After downloading or cloning this repository, you can install AuthentiCT by typing from the terminal which should install all necessary dependencies:

pip3 install [path to the downloaded repository]

It should also be installed if you run the setup.py file like so:

python3 setup.py install

The installation AuthentiCT should run on both linux and macOS. If you have any issue with the installation, contact me at: stephane_peyregne@eva.mpg.de

Inputs:

The input file should be in the SAM format. The presence of a MD field for each sequence is necessary to identify substitutions to the reference genome. This MD field should be in the standard format as generated with the samtools calmd command.

You can also provide a configuration file specifying the values of the parameters.
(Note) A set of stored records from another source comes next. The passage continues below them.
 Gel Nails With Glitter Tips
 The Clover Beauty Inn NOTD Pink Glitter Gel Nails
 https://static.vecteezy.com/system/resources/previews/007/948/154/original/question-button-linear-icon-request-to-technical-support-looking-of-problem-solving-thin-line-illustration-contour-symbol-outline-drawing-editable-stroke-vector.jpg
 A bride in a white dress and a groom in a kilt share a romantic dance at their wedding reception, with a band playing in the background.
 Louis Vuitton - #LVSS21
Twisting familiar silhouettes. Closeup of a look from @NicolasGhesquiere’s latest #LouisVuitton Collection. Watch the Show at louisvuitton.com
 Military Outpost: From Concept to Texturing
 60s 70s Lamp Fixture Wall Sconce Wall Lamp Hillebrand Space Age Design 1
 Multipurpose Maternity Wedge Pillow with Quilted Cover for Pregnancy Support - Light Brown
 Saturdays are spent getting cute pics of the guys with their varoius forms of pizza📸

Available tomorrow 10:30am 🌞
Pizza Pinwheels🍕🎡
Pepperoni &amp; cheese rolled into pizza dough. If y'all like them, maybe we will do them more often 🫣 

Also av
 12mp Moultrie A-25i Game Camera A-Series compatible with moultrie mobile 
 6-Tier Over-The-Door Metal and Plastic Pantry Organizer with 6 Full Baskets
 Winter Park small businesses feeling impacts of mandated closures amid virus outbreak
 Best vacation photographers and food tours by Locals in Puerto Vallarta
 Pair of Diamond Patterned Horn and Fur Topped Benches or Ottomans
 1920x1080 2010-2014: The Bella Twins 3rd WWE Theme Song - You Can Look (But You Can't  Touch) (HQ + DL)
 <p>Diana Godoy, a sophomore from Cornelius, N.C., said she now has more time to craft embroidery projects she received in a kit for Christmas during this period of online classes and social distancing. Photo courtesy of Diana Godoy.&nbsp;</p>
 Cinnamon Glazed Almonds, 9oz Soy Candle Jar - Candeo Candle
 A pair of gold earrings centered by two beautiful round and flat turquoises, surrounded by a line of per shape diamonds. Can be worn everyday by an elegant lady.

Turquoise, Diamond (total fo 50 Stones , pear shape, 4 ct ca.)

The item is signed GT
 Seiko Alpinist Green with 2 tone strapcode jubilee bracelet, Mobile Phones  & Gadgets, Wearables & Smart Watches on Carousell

This configuration file should list on each line the name and value of a parameter in a tab-separated format. Here is an example:

e	0.003170
rss	0.602679
lo	0.261435
lss	0.142886
lds	0.008414
rds	0.035792
contam	0.001000
o	0.637999
o2	0.477368

Here is what they correspond to:

e = error rate,
rss = rate of C-to-T substitutions in single-stranded regions,
lo = parameter of the geometric distribution modeling the length of single-stranded overhangs,
lss = parameter of the geometric distribution modeling the length of internal single-stranded regions,
lds = parameter of the geometric distribution modeling the length of double-stranded regions,
contam = contamination estimate (rate from 0 to 1),
o = the frequency of 5' single-stranded overhangs,
o2 is proportional to the frequency of 3' single-stranded overhangs

Note that AuthentiCT only applies to sequences generated from single-stranded libraries and is not tailored for the more complex deamination patterns of sequences generated from double-stranded libraries. Also, it cannot estimate contamination from samples treated with Uracil-DNA Glycosylase (UDG) or other enzymes that alter the deamination patterns. For the same reason, it is not possible to estimate contamination in a filtered dataset of only deaminated sequences.

Commands:

AuthentiCT has 3 sub-commands: deam2cont to estimate contamination, deamination to print C-to-T substitution frequencies, simulation to simulate sequences under the ancient DNA damage model. We describe the options of each command below.

deam2cont

-o	name of output file (by default, it uses the standard output)
-t	estimates contamination from the frequencies of C-to-T substitutions at the first and last positions of sequences
-m	mapping quality cutoff
-l	sequence length cutoff
-b	base quality cutoff
-s	maximum number of sequences used to fit the deamination model (the default is 100,000 sequences)
-p	only keep sequences overlapping provided positions
--decoding	prints the posterior probabilities of each state, line by line for each informative site

Example of a command:

AuthentiCT deam2cont -o [output name] -s 10000 [input.sam]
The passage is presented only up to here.